Where do you start with this ignorant, pernicious and ungrammatical Stalinist propaganda? Do CiF's editors know (and perhaps they can tell me) that, instead of providing for their readers a working definition of fascism, they've linked to a piece of dreary agitprop that omits any reference to Stalin's expansionist designs? It's not an article you can judiciously amend with a few historical facts. It's ahistorical nonsense of a high order. Compare it with a serious and scholarly account of Stalin's attitude to the European powers, viz. R.C. Raack, Stalin's Drive to the West, 1938-1945, 1995, and particularly p. 20:

If we trace Stalin's hopes in the Czech crisis of 1938 back from the existing record of his secret Trotskyite programmatic leitmotif of war and revolution that took definite form just a year or so later during the Polish crisis of 1939, we can infer that in 1938, just as in 1939, Stalin very much wanted a general war with the West, though without his participation, with the British, French, and Germans bogged down in a reciprocally debilitating conflict over Czechoslovakia. It was just such a war that his quick agreement with Hitler, manufactured in not entirely dissimilar circumstances in the sumer of 1939, was clearly designed to encourage.
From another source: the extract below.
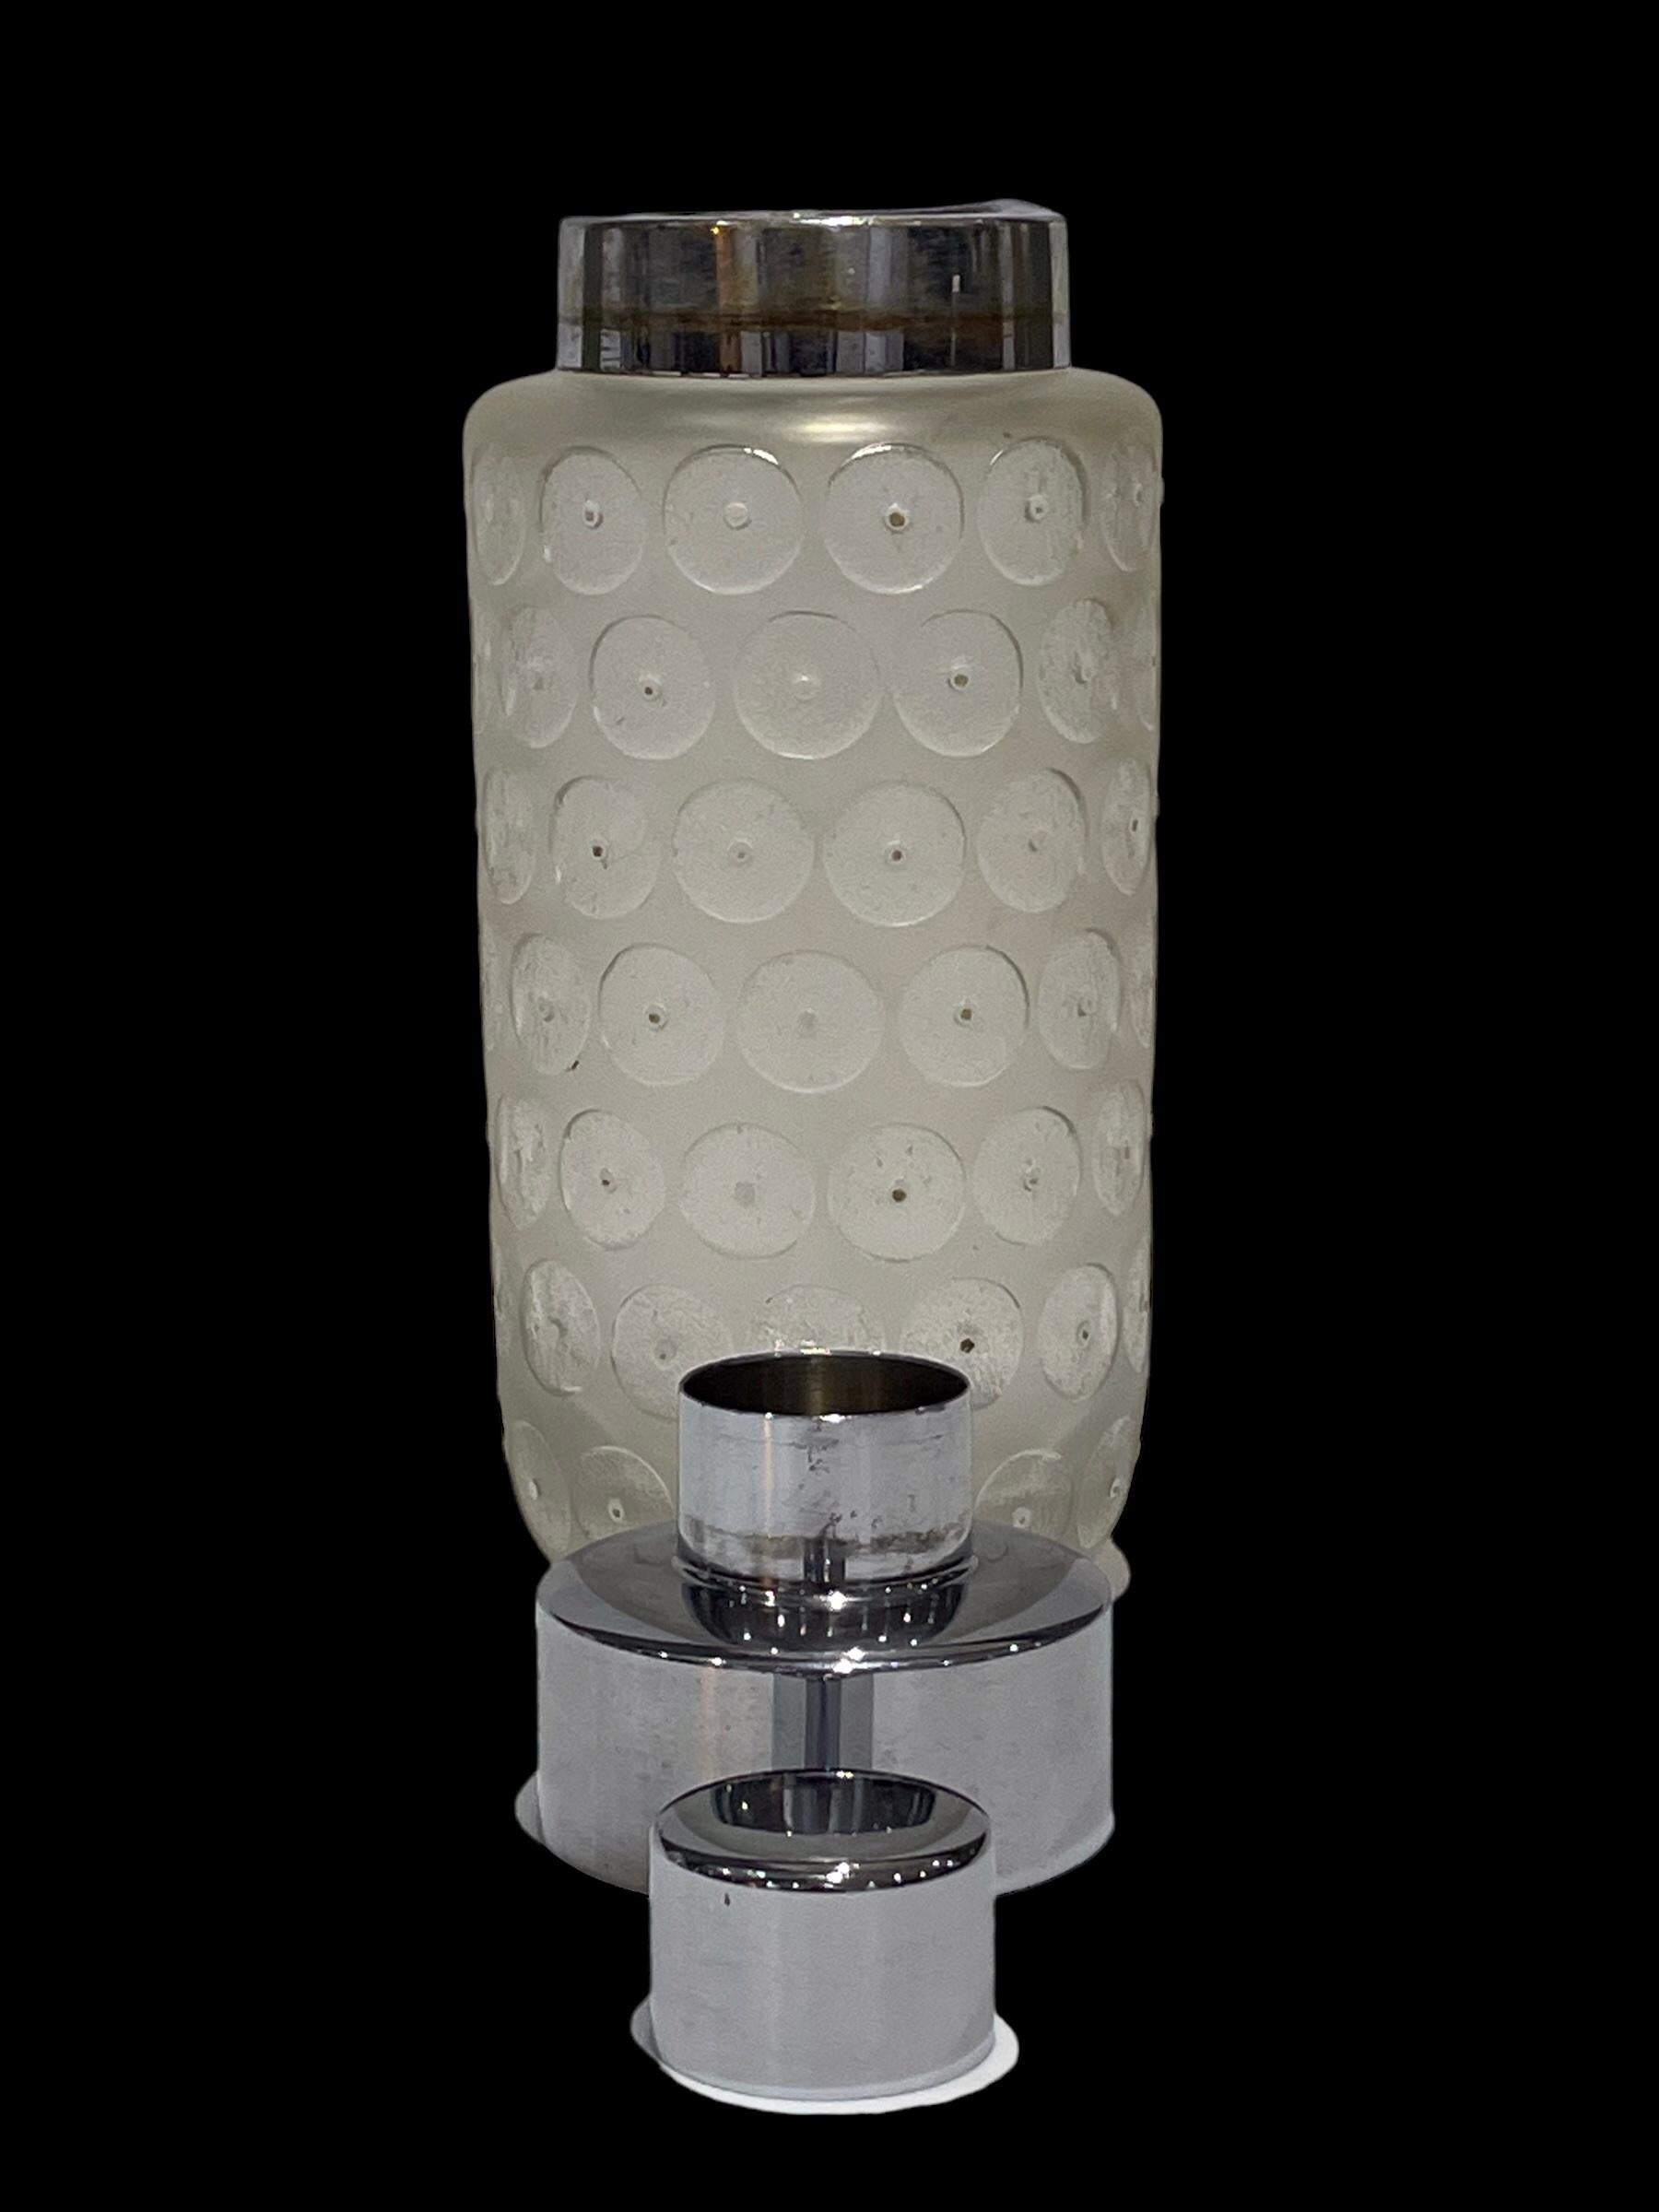 An Art Cocktail Shaker by Daum. A rare pattern, the thick opaque glass with acid etched circles throughout the surface. Each circle with a textured surface, in contrast with the smoothness of the opaque glass. The centre of each circle decorated in

I recently commented on a trivial error in Wikipedia on which I could speak with some knowledge because it concerned my family. As I had expected, someone then corrected the relevant entry and pronounced that the revision showed that my criticism was ill founded. With respect: it didn't. My beef with Wikipedia is not that it contains errors - all reference sources do - but that by design it makes no discrimination between different kinds of contribution. Wikipedia is an essentially anti-intellectual venture. One correspondent asked why, if I had found an error in Wikipedia, I did not merely join in and correct it myself. My answer, I hope, is clear: because I believe it is better to carp from the sidelines and hope for the eventual implosion of the whole enterprise than to contribute constructively to incremental improvements in it.